SUPPLIED DATA:
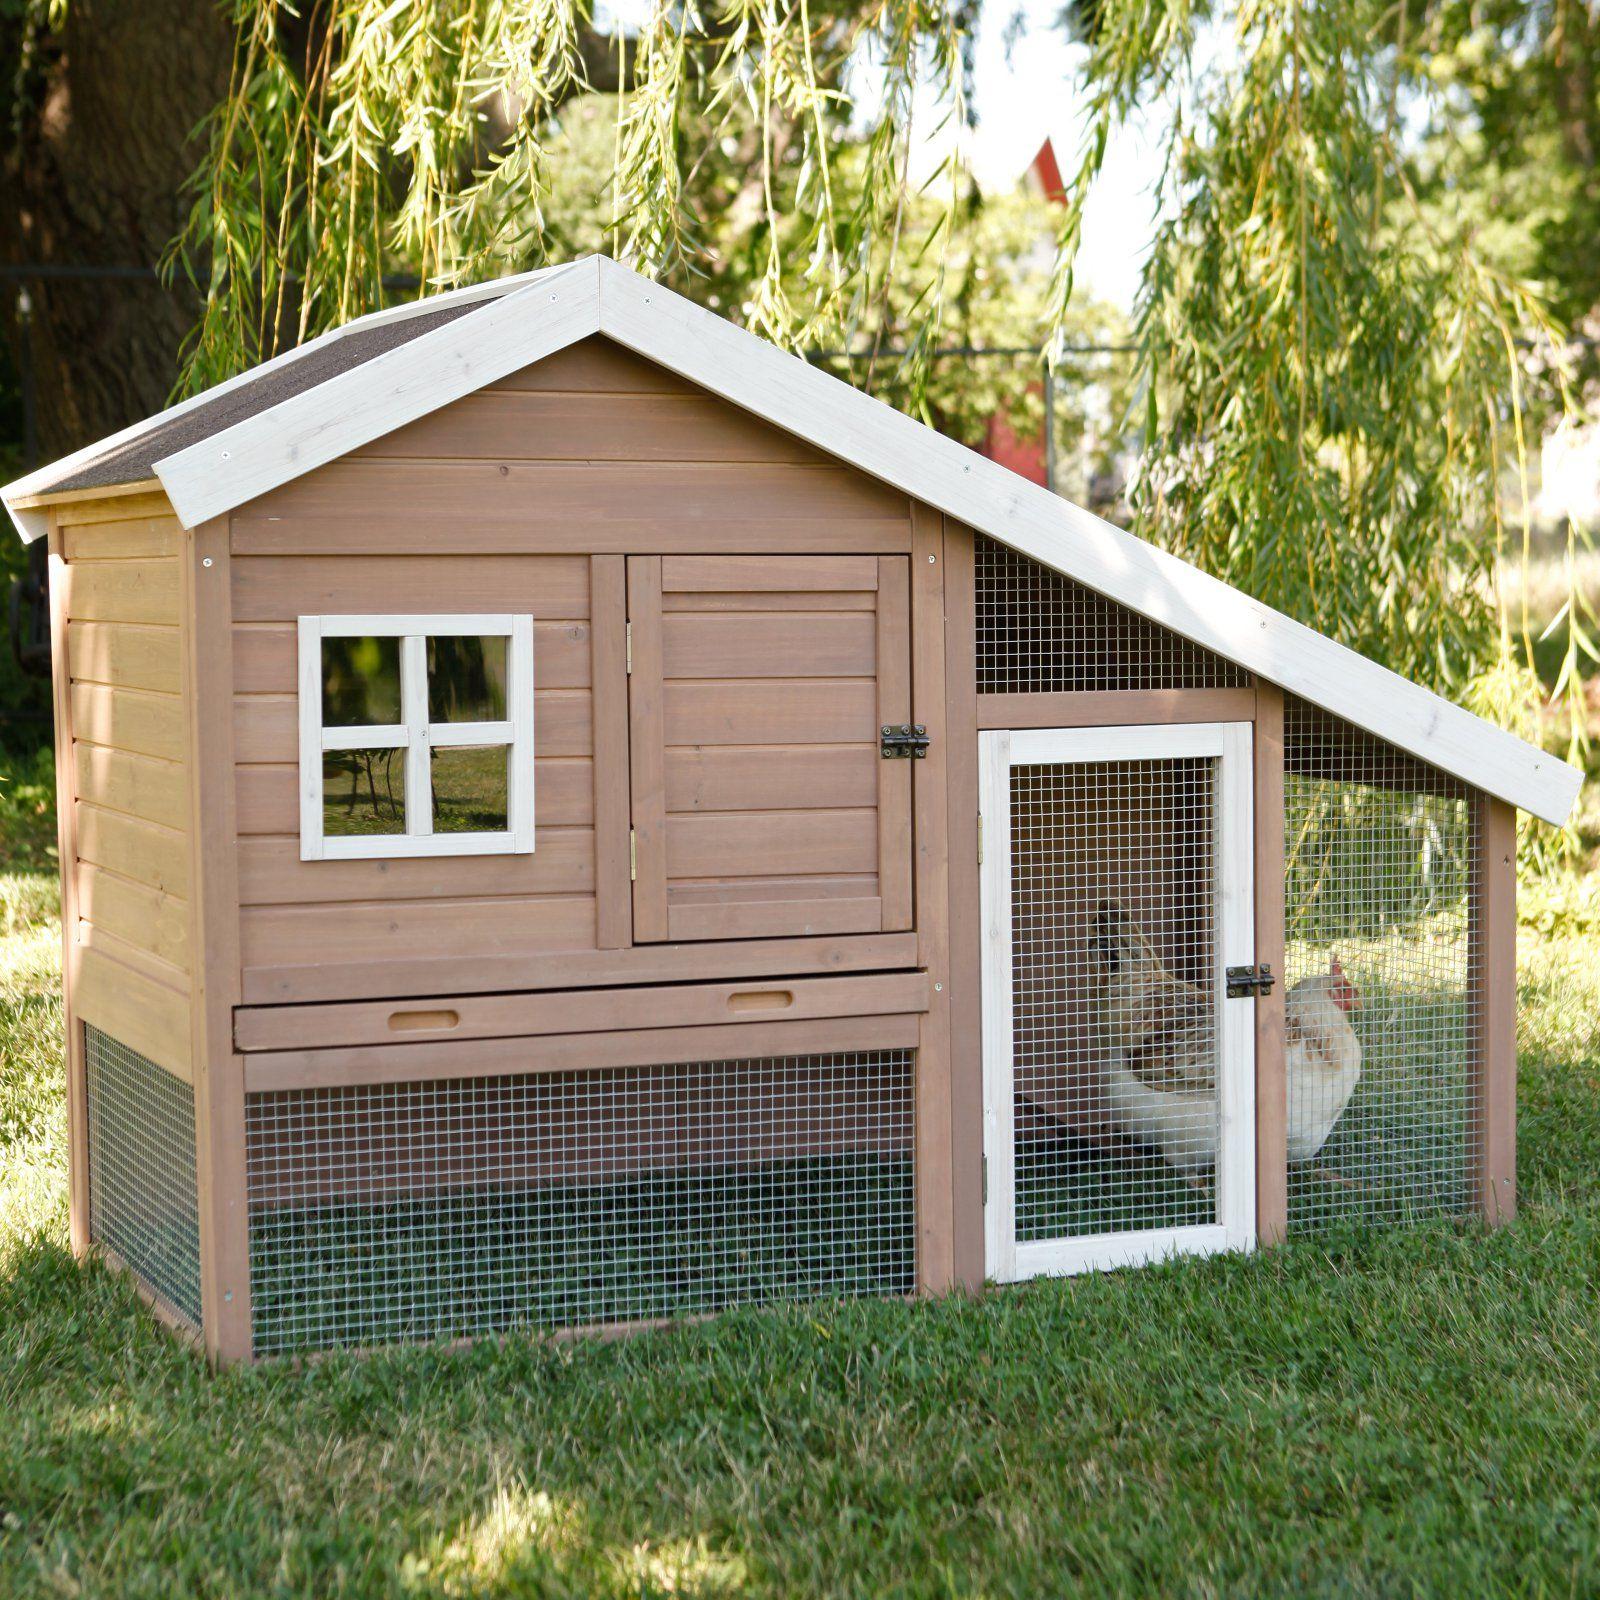 Pin By Ninji Ka On Huhner In 2021 Diy Chicken Coop Plans Building A Chicken Coop Best Chicken Coop Simple chicken house design for backyard farming
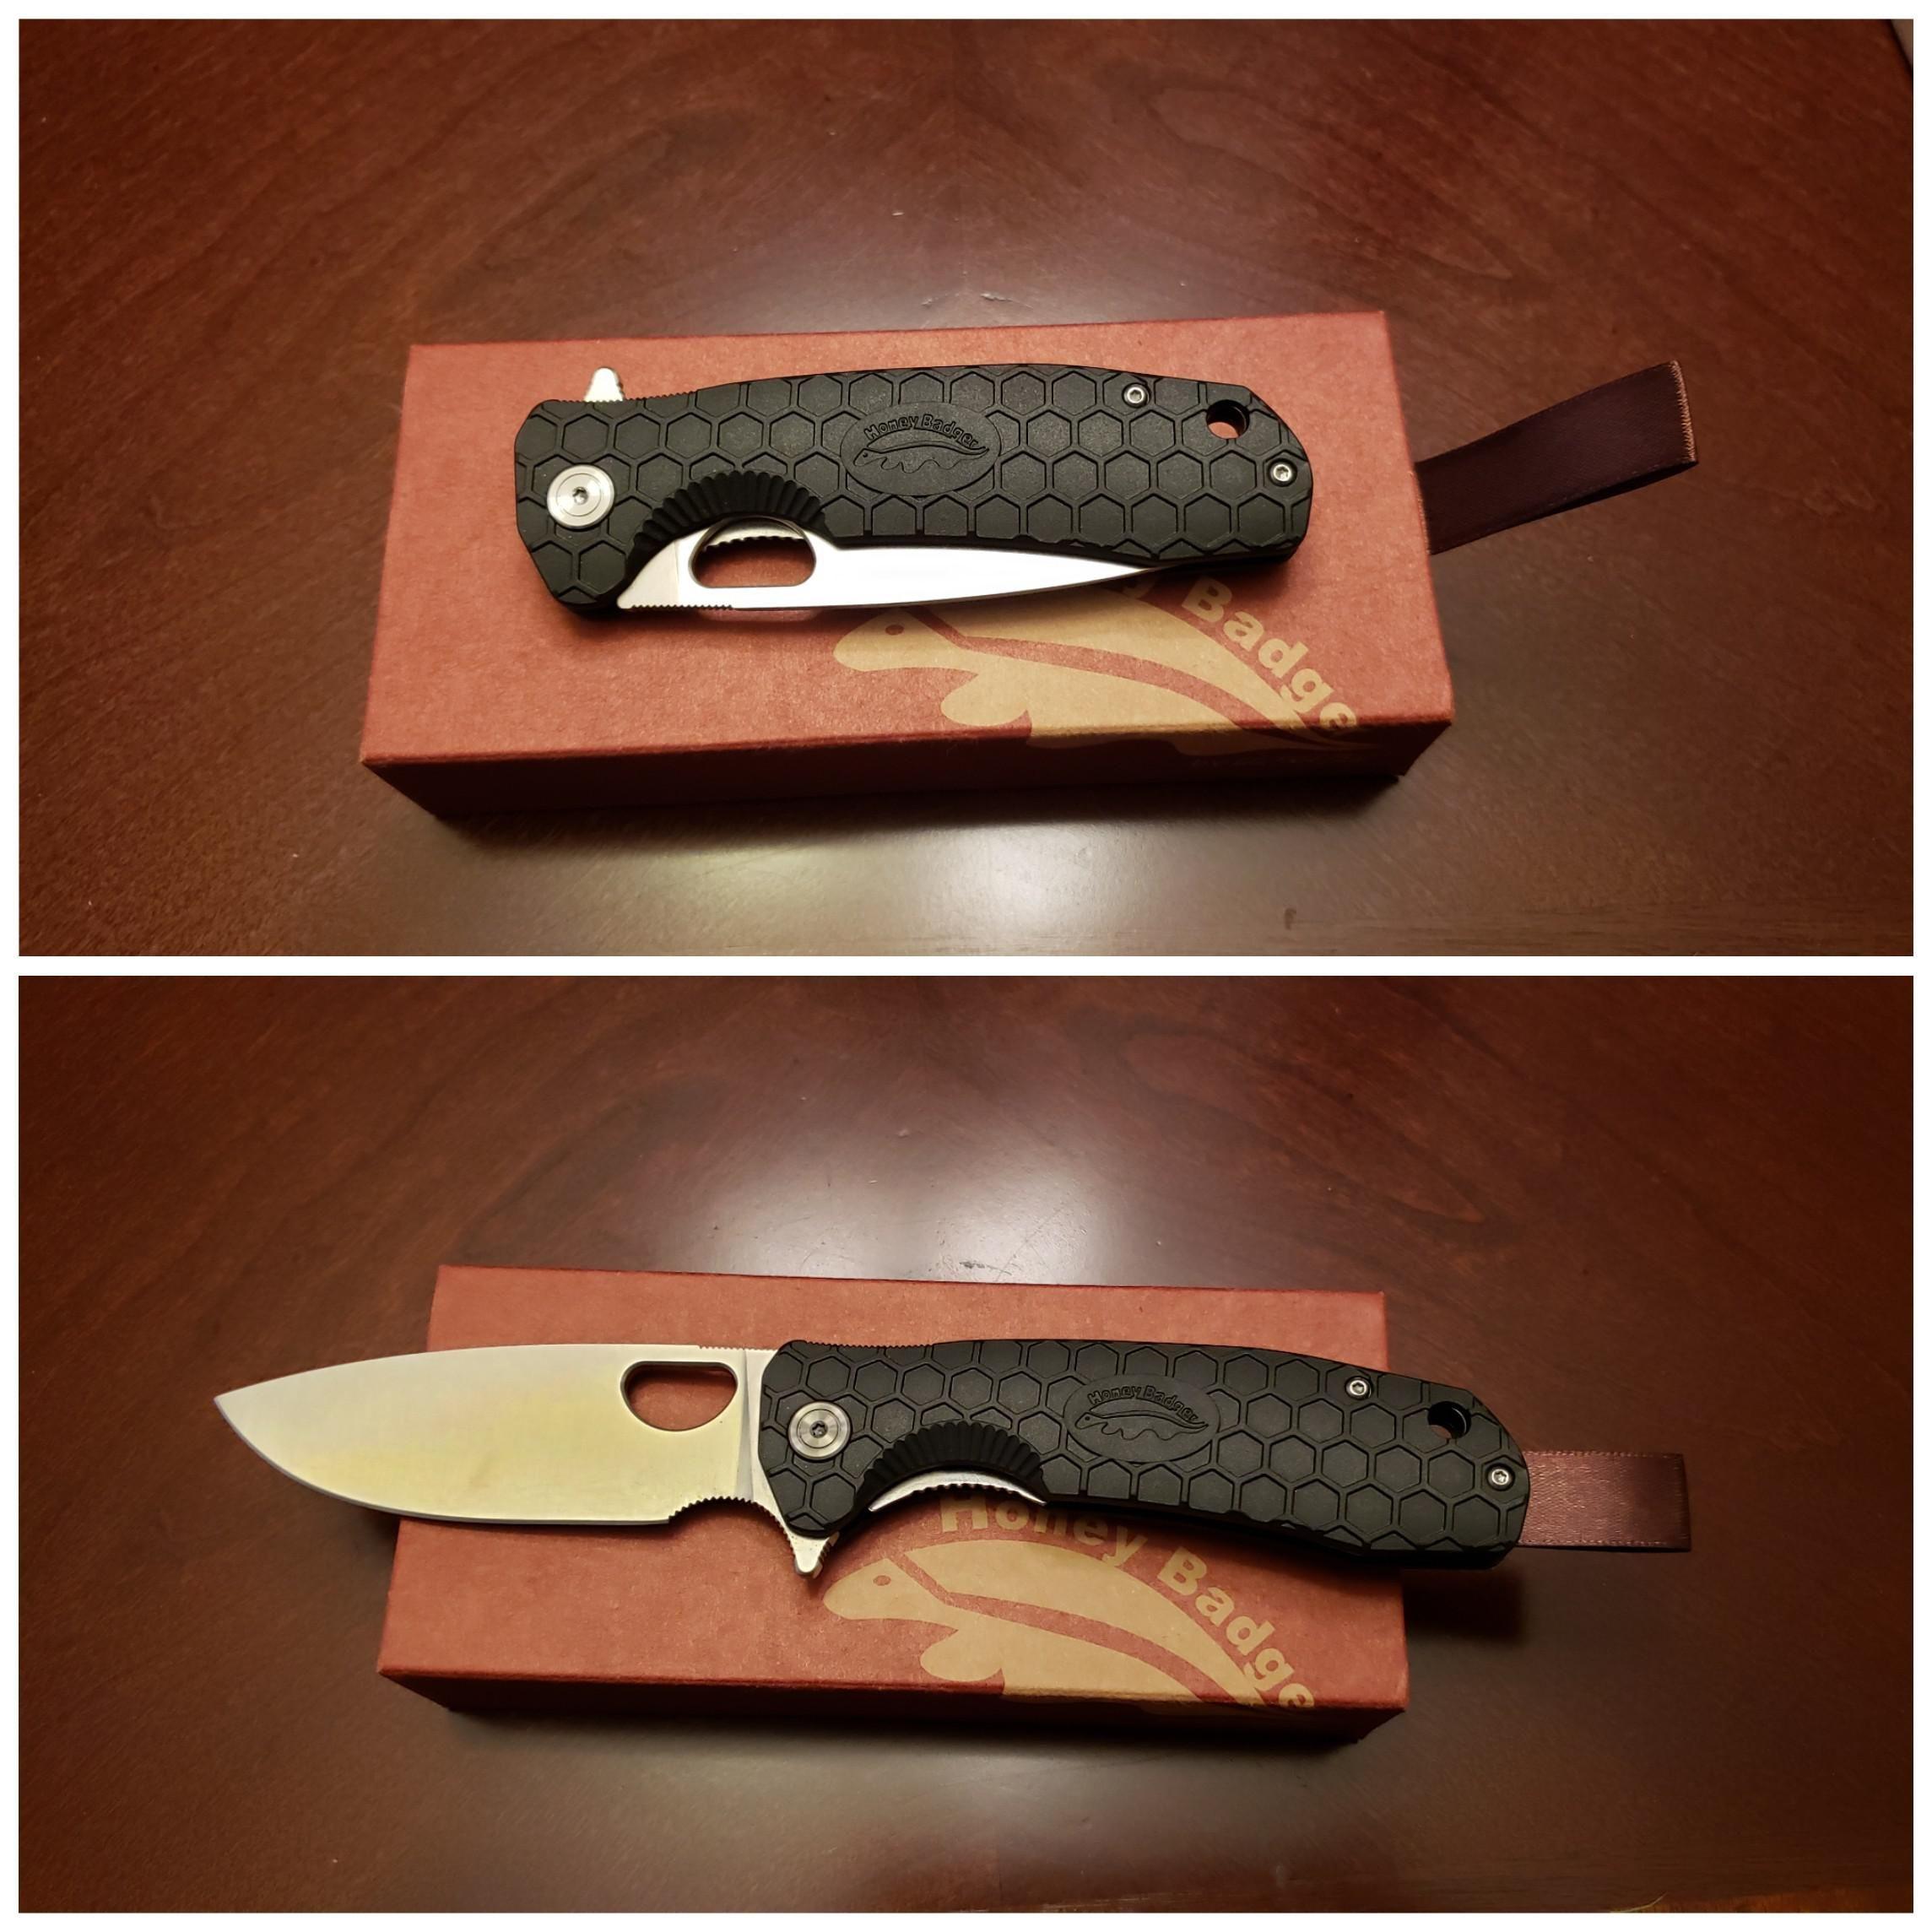 Okc Rat 3 Black Kydex Belt Sheath: #BestHuntingKnife #huntingknife #knifemetrics
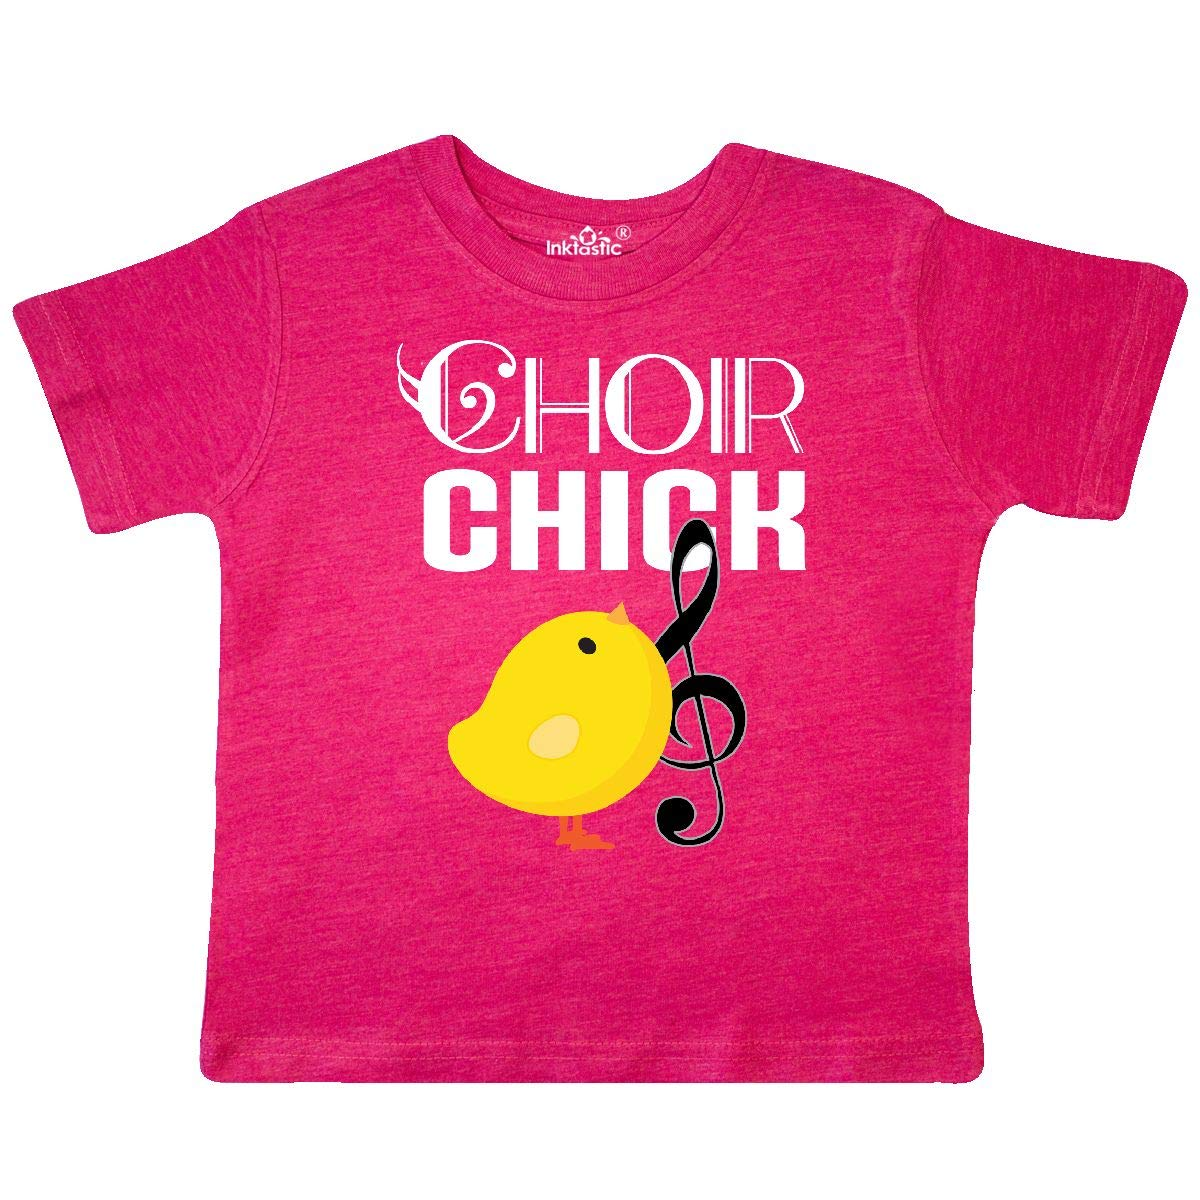 inktastic Choir Chick Music Gift Toddler T-Shirt

ACTIVITY:
An exact transcription of the listing is required, and it must contain no pictures.

ANSWER AREA:
 Pin By Ninji Ka On Huhner In 2021 Diy Chicken Coop Plans Building A Chicken Coop Best Chicken Coop Simple chicken house design for backyard farming
 Okc Rat 3 Black Kydex Belt Sheath: #BestHuntingKnife #huntingknife #knifemetrics
 inktastic Choir Chick Music Gift Toddler T-Shirt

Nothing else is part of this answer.